Introduction

Sust Global CSV Dataset Guide

Matt Cooper

Matt Cooper

Created: Jan 1, 2023 - Updated: Aug 20, 2023

This section will go through each risk exposure dataset available for download and explain the methodology behind it. We will also show you how to use and interpret the numbers, which includes a written interpretation of the datasets.

Before Getting Started

Please note that you must change the sections of text in brackets [ ] to suit the specific values, hazards and scenarios you are describing.

What are the CSV datasets?

Comma separated value (CSV) files contain the physical climate risk analysis information from Climate Explorer Dashboard product, which can be used for reporting, risk management and strategic planning needs. Using the CSV files are useful if you would like to use the underlying data to create your own graphs or charts for a report or presentation, to undergo further analysis (such as data aggregations, comparisons between assets etc.) or as an input into your Excel models.

File naming conventions

Here are the descriptions of the naming parameters:

  1. Reporting Data Type {reporting_data_type}: This tells you the risk variable the CSV contains data for: annual_temperature, annual_precipitation, cyclones, extreme_precipitation, fire_risk, flood, heatwaves and drought (SPEI), sea level rise (SLR)
  2. Dataset Name {dataset_name}: This is the name assigned to project or dataset (portfolio) by the customer or Sust Global
  3. Scenario ID {scenarioID}: This tells you which scenario the data within the CSV file was generated under, and it can be either: ssp126 (Strong Mitigation); ssp245 (Middle of the Road); or ssp585 (High Emissions).
  4. Bounds: For some files, this will tell you whether the data presented is the lbd (lower bound, which is the 16th percentile), ubd (upper bound, which is the 84th percentile), or the median (in which case, there will be nothing additional written in the file name at all) outputs from the climate models. The exception is cyclones, which use a different upper and lower bound (+/- 1 standard deviation) and we use the mean, rather than the median, output from the climate models.

Historic risk exposure

The naming convention for the historic risk exposure datasets is as follows: sustglobal_asset_his_risk_{dataset_name}.csv

In these files, each row corresponds to one asset location, and there are individual columns for each month from Jan 2010 to Dec 2020 for Cyclone exposure; each year from 2001 to 2021 for Wildfire; and each year from 2012 to 2021 for Flooding.

Interpretation

The example we are looking at here is called sustglobal_asset_his_risk_MRTG_demo.csv

Fig 14: Historical Risk CSV

M_FIRE_YYYY-MM-DD: This shows the yearly severity values for observed historical wildfires within 1km of an asset. For example, Asset X has a Wildfire historic risk event severity value of [1/0] in [2018]. This means that in [2018], there [was/wasnt] a satellite-observed wildfire within within a 1km radius of asset X.
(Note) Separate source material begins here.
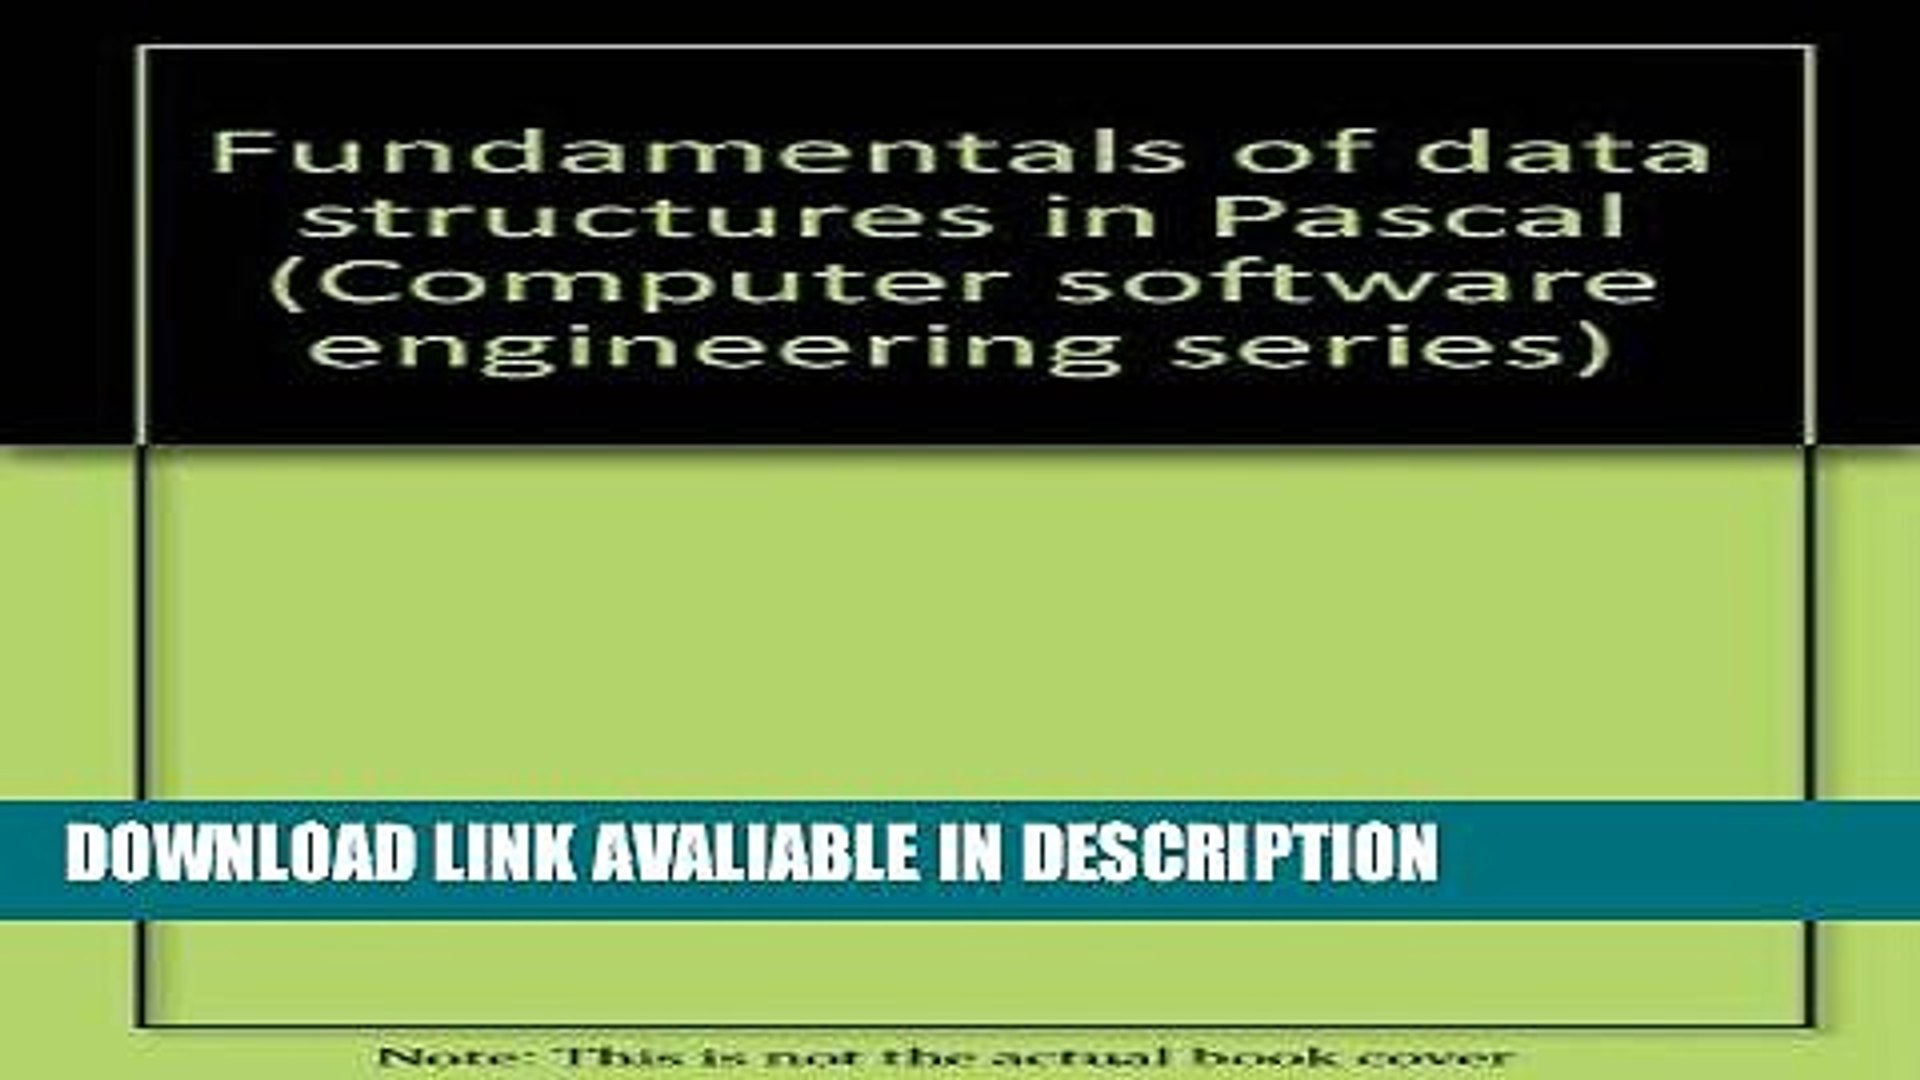 [PDF] Fundamentals of data structures in Pascal (Computer software engineering series) Download

FLOOD_YYYY-MM-DD: This shows the yearly severity values for observed historical inland floods for a specific asset. For example, Asset X has a Flood historic risk event severity value of [1/0] in [2018]. This means that in [2018], there [was/wasnt] a satellite-observed flood at the location of of asset X.

CYCLONE_YYYY-MM-DD: This shows the monthly severity values for observed historical cyclones for a specific asset. For example, Asset X has a Cyclone historic risk event severity value of [1] in [Sep 2017]. This means that there was [one] Category 3, 4 or 5 cyclone observed in September 2017 within a 241km radius of Asset X.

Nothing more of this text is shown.